Summary
The ability of a wide variety of anionic, cationic, and neutral drugs to bind in a reversible manner to plasma proteins has long been recognised. Non-steroidal anti-inflammatory drugs (NSAIDs) are distinguished as a class by the high degree to which they bind to plasma protein. Plasma protein binding properties are primary determinants of the pharmacokinetic properties of the NSAIDs. Theoretical relationships are reviewed in order to define quantitatively the impact of plasma protein binding on clearance, half-life, apparent volume of distribution, and the duration and intensity of pharmacological effect. The quantitative relationships governing competitive displacement binding interactions are also presented.
Experimental methods for in vitro and in vivo determination of the degree of plasma protein binding are discussed. The more common in vitro methods are equilibrium dialysis and ultrafiltration. Methods for characterising the degree of plasma protein binding in vivo consist of either measuring the concentration of drug at equilibrium in an implanted semipermeable vessel or measuring the relative drug concentrations in two body spaces with different protein content. Emphasis is given to the comparative advantages and disadvantages of experimental application of the various in vitro and in vivo methods.
Plasma protein binding is discussed as a determinant of the trans-synovial transport of NSAIDs. Trans-synovial transport of NSAIDs appears to be a diffusional process. Limited data in humans receiving ibuprofen, indomethacin, aspirin, carprofen, alclofenac, or diclofenac suggest that clearance of each of these NSAIDs from the synovium is slower than clearance from plasma.
The clinical data relevant to the relationship between plasma NSAID concentration and various measures of anti-inflammatory effect are reviewed. A positive correlation between plasma NSAID concentration and anti-inflammatory effect has been observed in only one study on naproxen and one study on piroxicam. In several other studies, the lack of concentration-response correlations is generally attributed to the relatively subjective, quantitatively inexact methods used to assess anti-inflammatory effect and analgesia in arthritic patients, as well as the substantial interpatient variabilities in the fraction of unbound NSAID and the unbound plasma NSAID concentration.
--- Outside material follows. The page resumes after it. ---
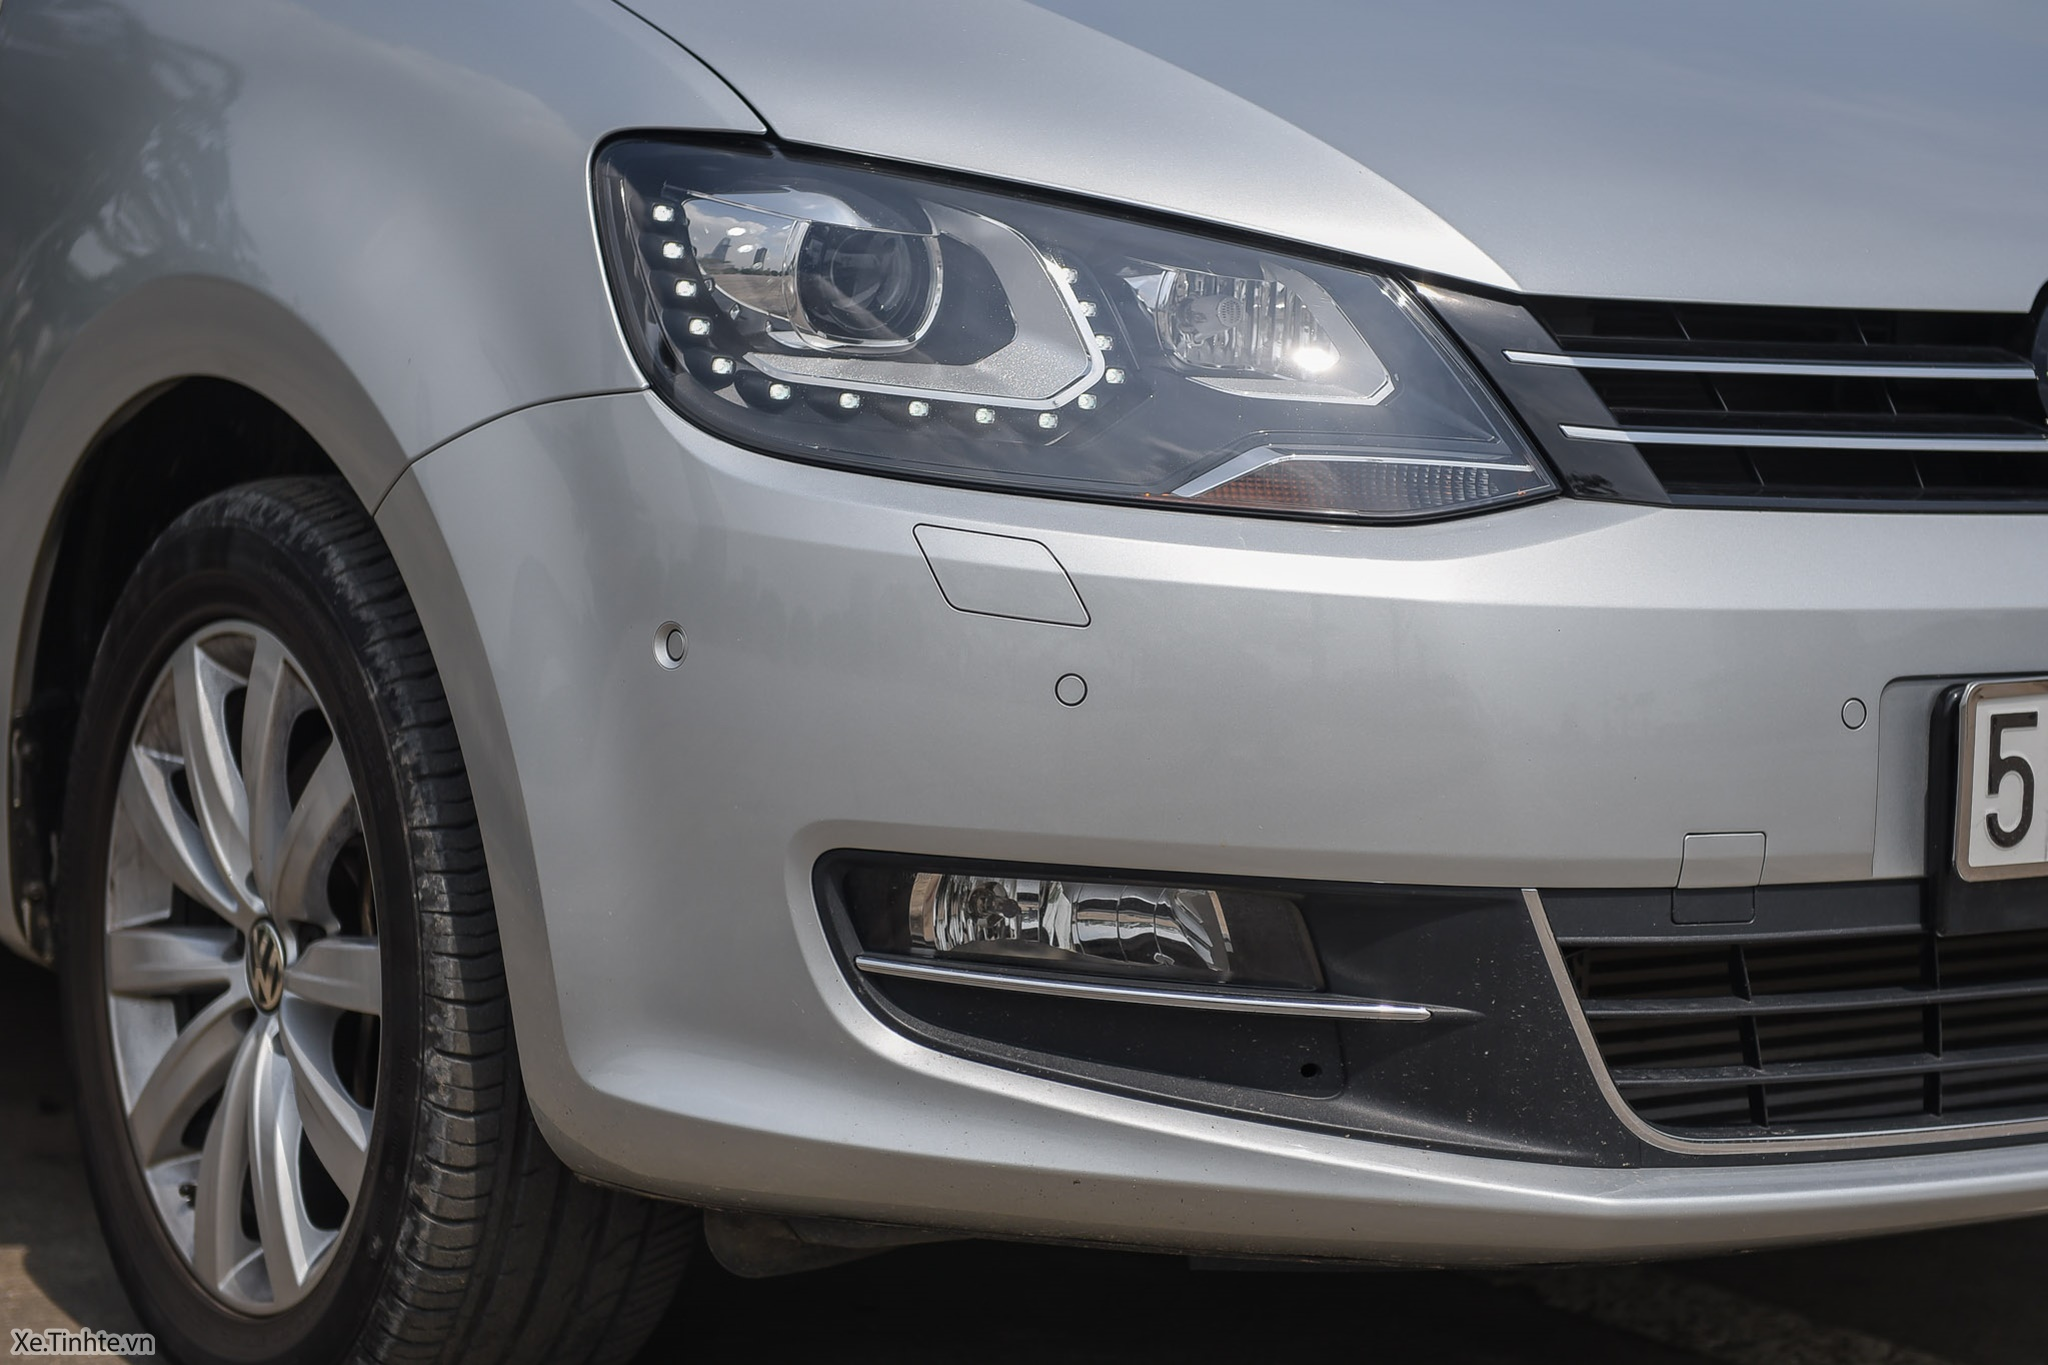 Volkswagen_Sharan_Xe_Tinhte_100.jpg

In view of the generally poor correlation between concentration and therapeutic response, routine therapeutic monitoring of total plasma NSAID concentration is not recommended as a means of titrating individual dosages to the desired effect in each patient.
Clinical factors associated with altered plasma protein binding of NSAIDs are presented. Although competitive displacement by concurrent medications or endogenous displacers is discussed, the frequency of occurrence of clinically significant displacement interactions is apparently minimal due to avoidance of known interacting drug-drug combinations and careful monitoring of patient status. The effects of disease states on plasma protein binding of NSAIDs are considered, with particular attention to the effects of rheumatic disease, renal disease, nephrotic syndrome, and hepatic insufficiency.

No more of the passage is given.